Most patients were elderly women, and urinary tract infection was identified as the primary source of bacteremia. Resistance rates were low to piperacillin-tazobactam (2.14%) and cefoperazone-sulbactam (1.28%) but high to levofloxacin (35.74%), ceftriaxone (47.01%), cefuroxime (50.21%), and trimethoprim-sulfamethoxazole (56.17%); all isolates remained fully susceptible to imipenem, ertapenem, amikacin, and tigecycline.

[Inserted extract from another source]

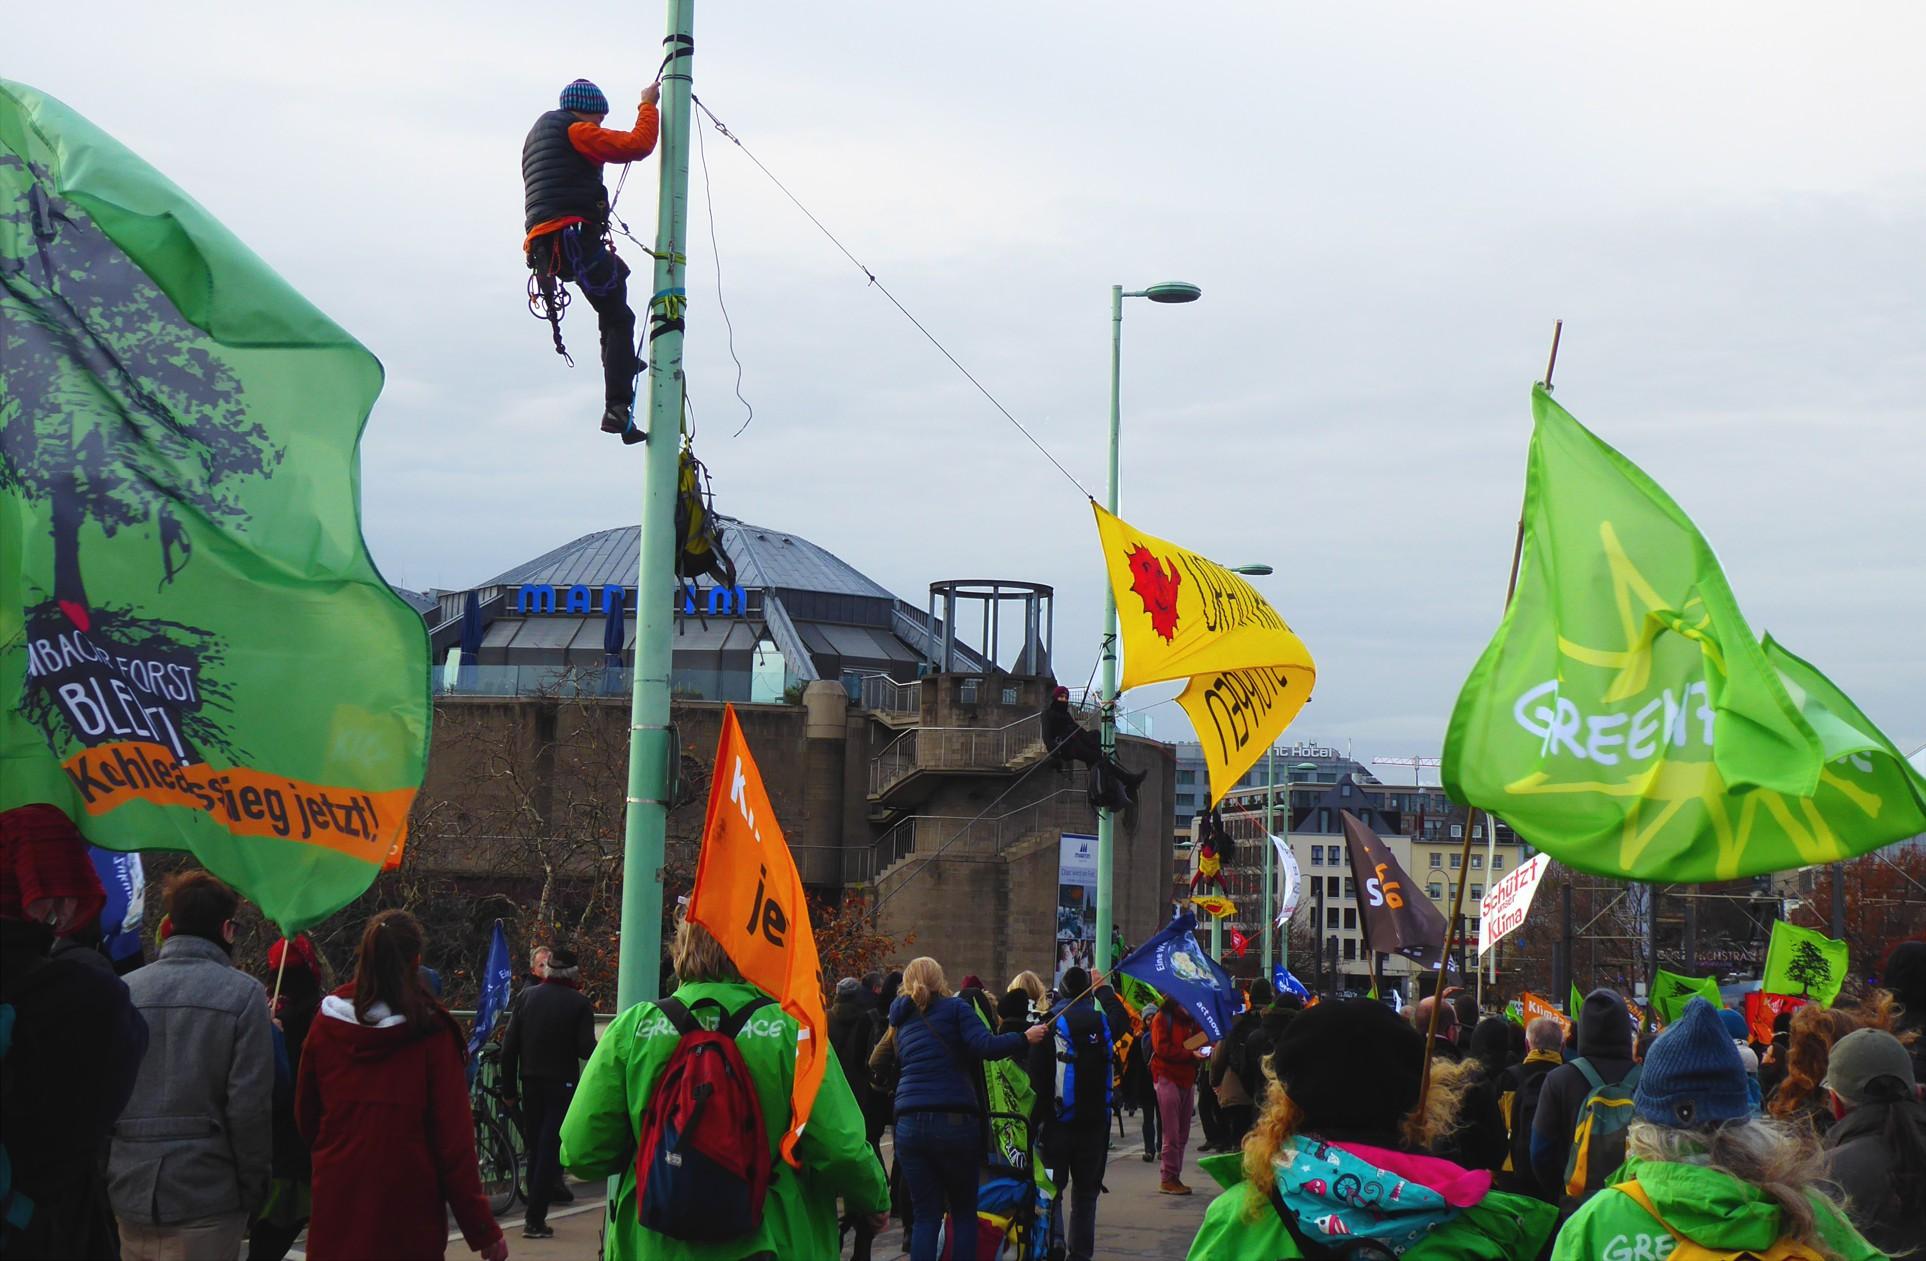 Kletterer begrüßten die TeilnehmerInnen auf der Rheimbrücke

Among 144 isolates, 65 (45.1%) were ESBL producers, predominantly carrying blaCTX−M−27, followed by blaCTX−M−14, blaCTX−M−55, and blaCTX−M−15. Phylogenetic analysis showed that the majority of ESBL-producing isolates were assigned to phylogroups B2 and D, with ST131 as the dominant sequence type, strongly associated with O25:H4 and fimH30. Core genome SNP analysis revealed substantial genetic diversity, with closely related isolates mainly observed within the same patient over time.

Conclusions

This study highlights a substantial burden of ESBL-producing E. coli BSIs, dominated by the ST131-fimH30-O25:H4 clone carrying blaCTX−M−27, underscoring the need for enhanced surveillance, targeted antimicrobial therapy, and effective infection control strategies.